EXERCISE DIRECTIONS: Your task is to retype the lines from the opening of the material through the line that includes "Ilustración de mapa 3D de Grecia foto". Do not copy the pictures.

GIVEN INFORMATION:

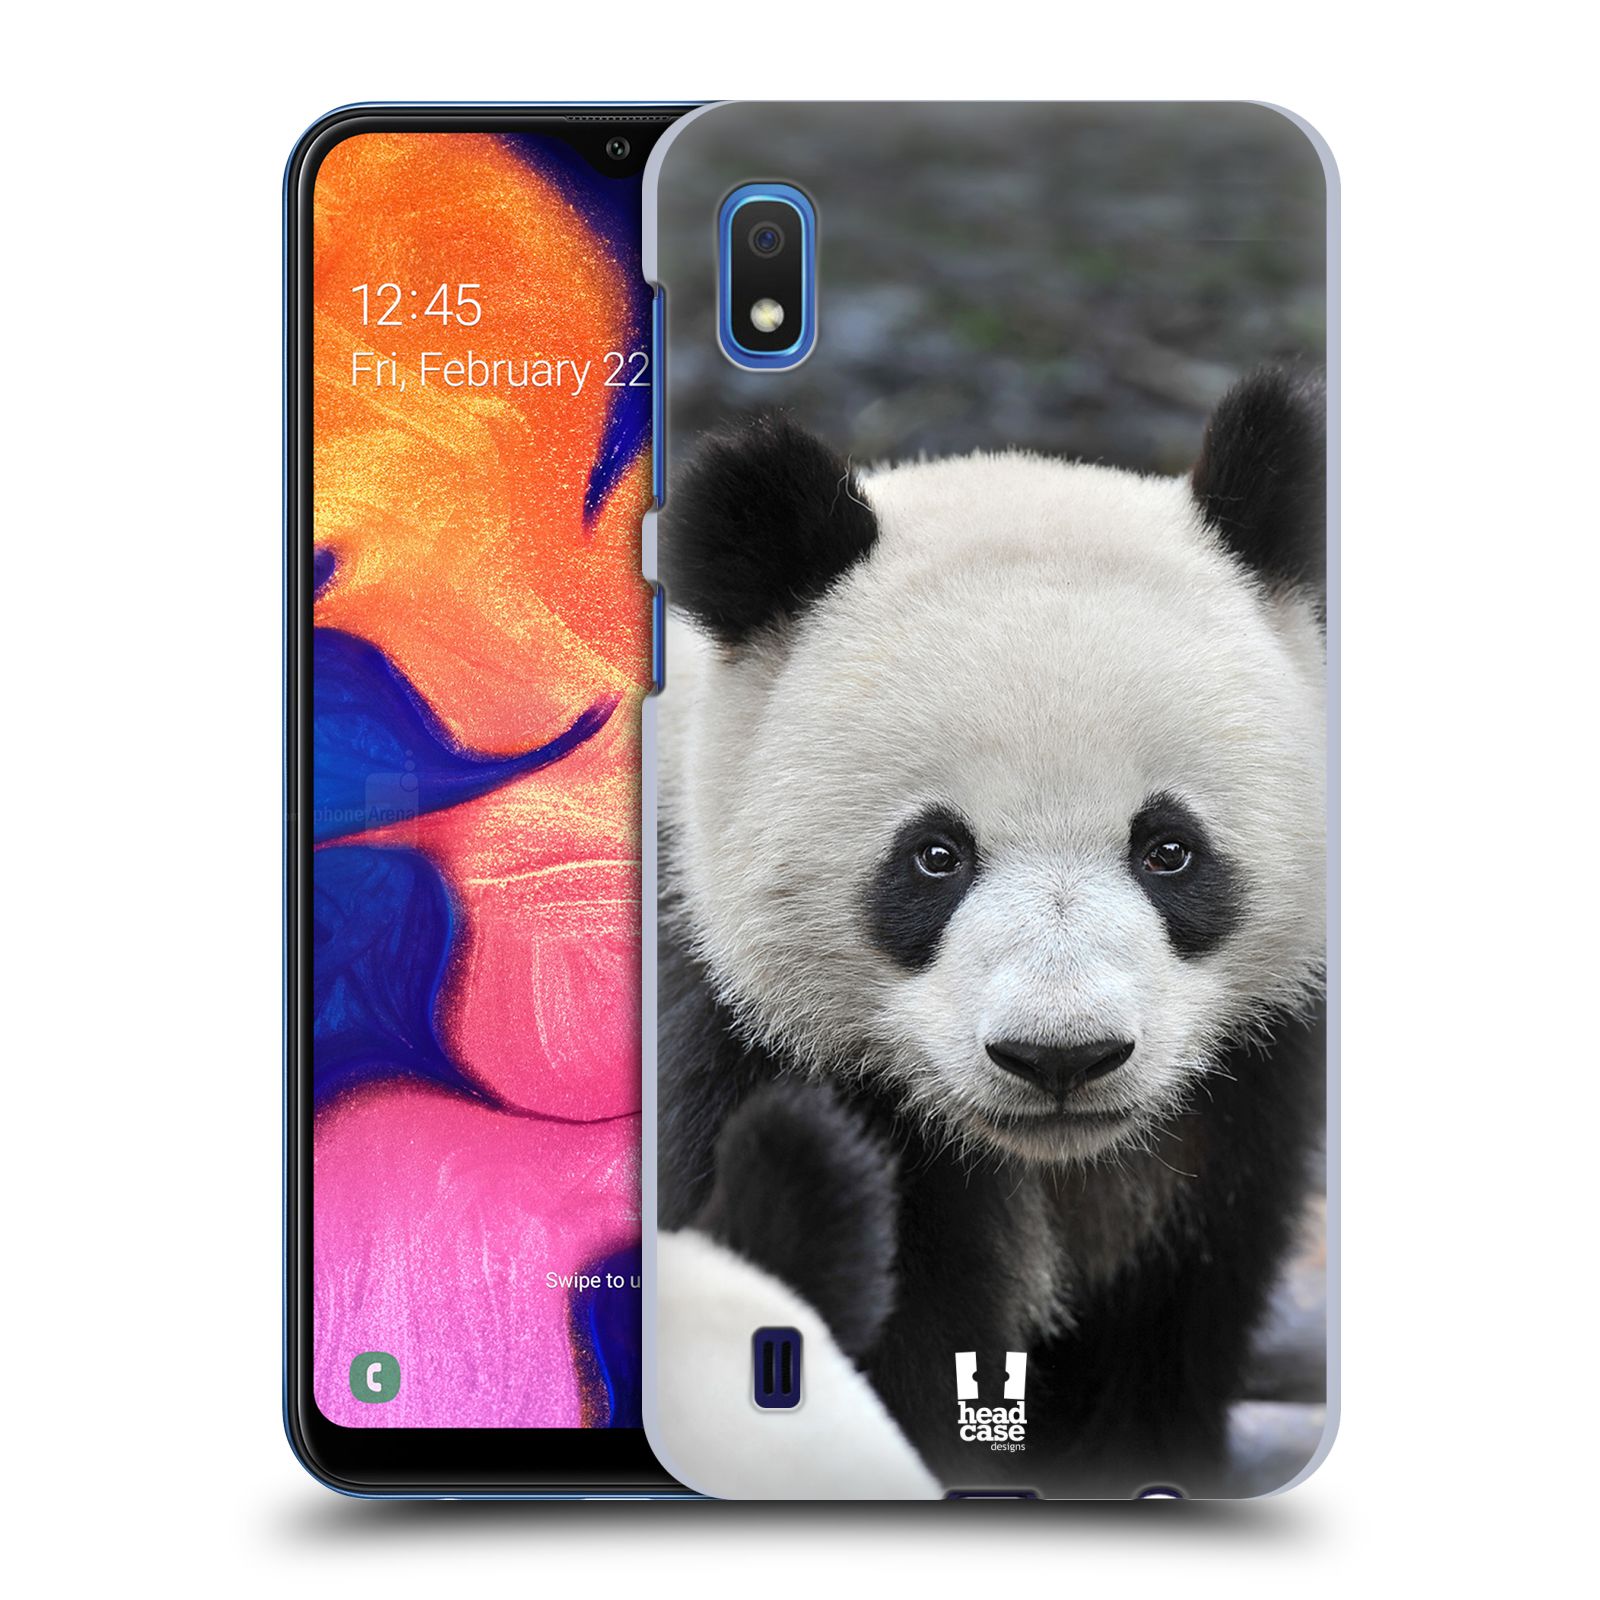 Zadní obal pro mobil Samsung Galaxy A10 - HEAD CASE - Svět zvířat medvěd panda
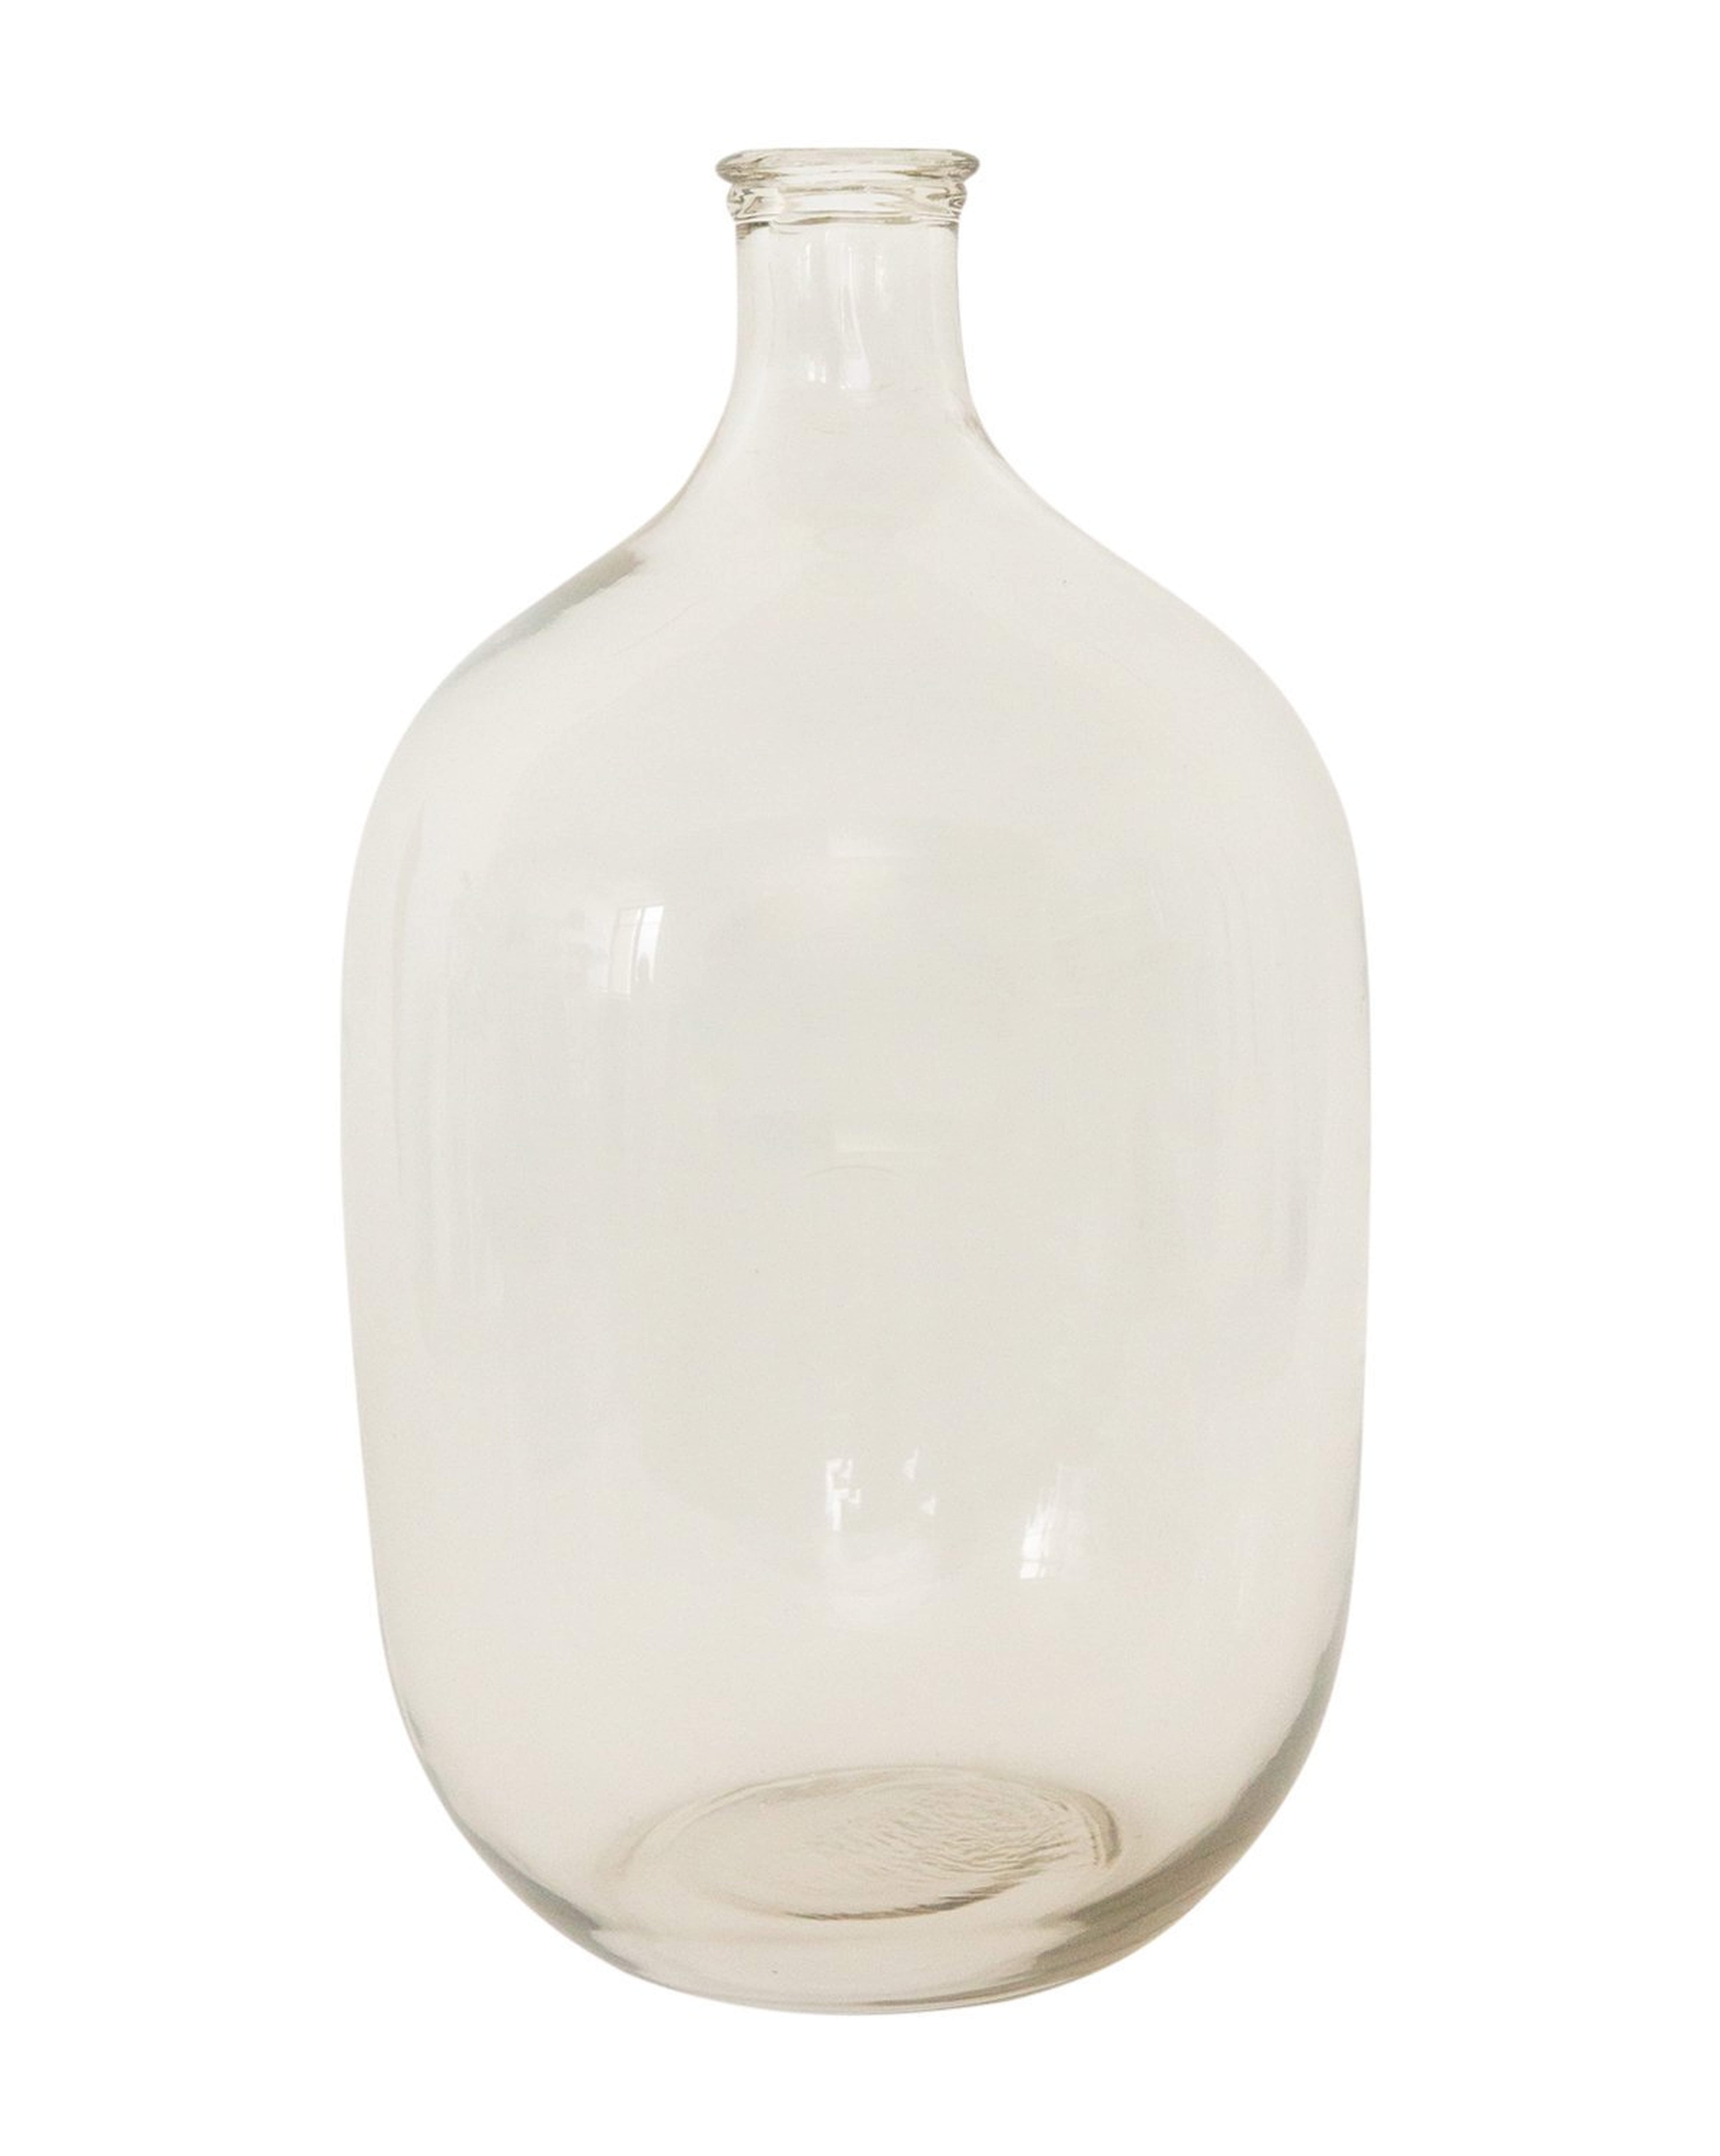 Tara Glass Bottle Vase - McGee & Co.
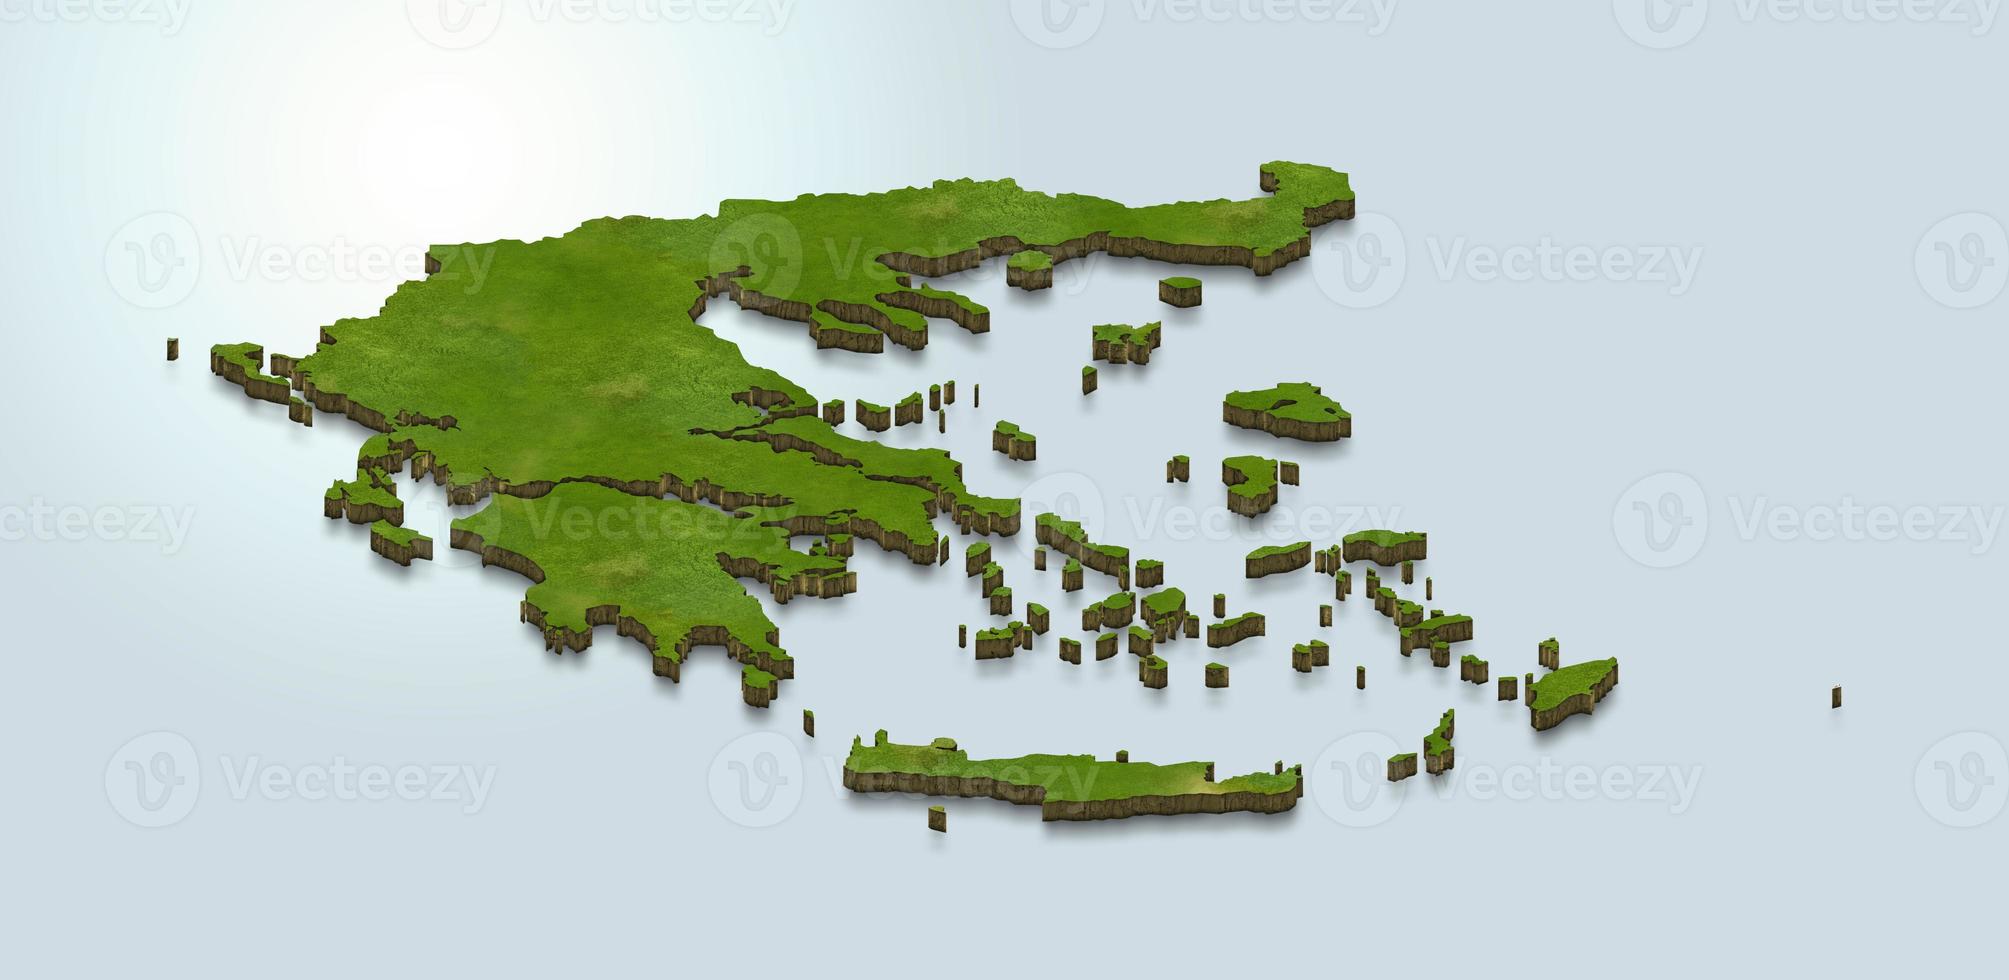 Ilustración de mapa 3D de Grecia foto
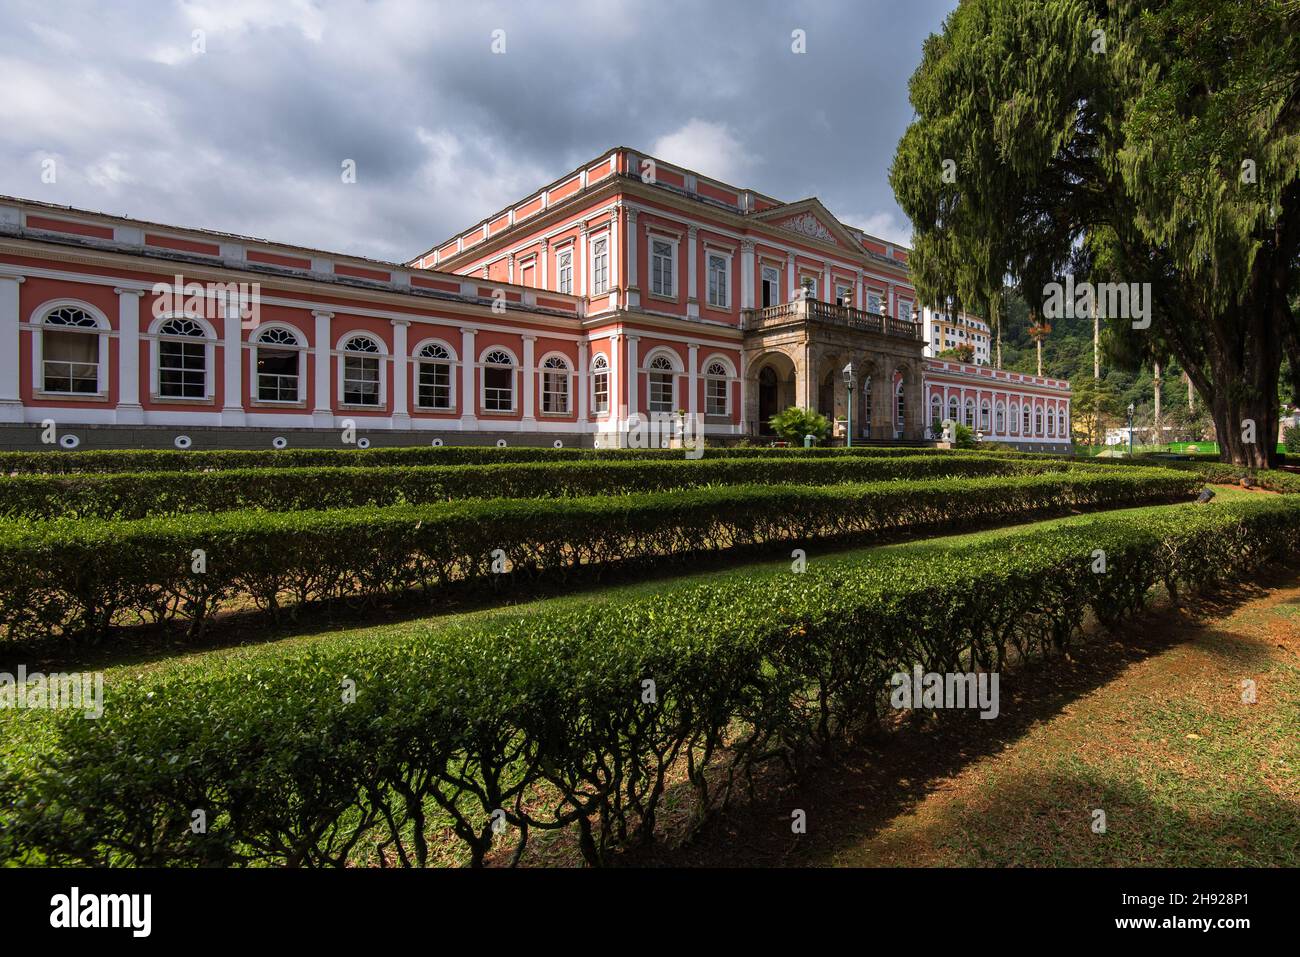 Petropolis, Brasile - 17 maggio 2018: Il Palazzo Imperiale è un luogo storico ed è ora un museo storico e culturale, aperto al pubblico. Foto Stock

WRITTEN REPLY:
 Zadní obal pro mobil Samsung Galaxy A10 - HEAD CASE - Svět zvířat medvěd panda
 Tara Glass Bottle Vase - McGee & Co.
 Ilustración de mapa 3D de Grecia foto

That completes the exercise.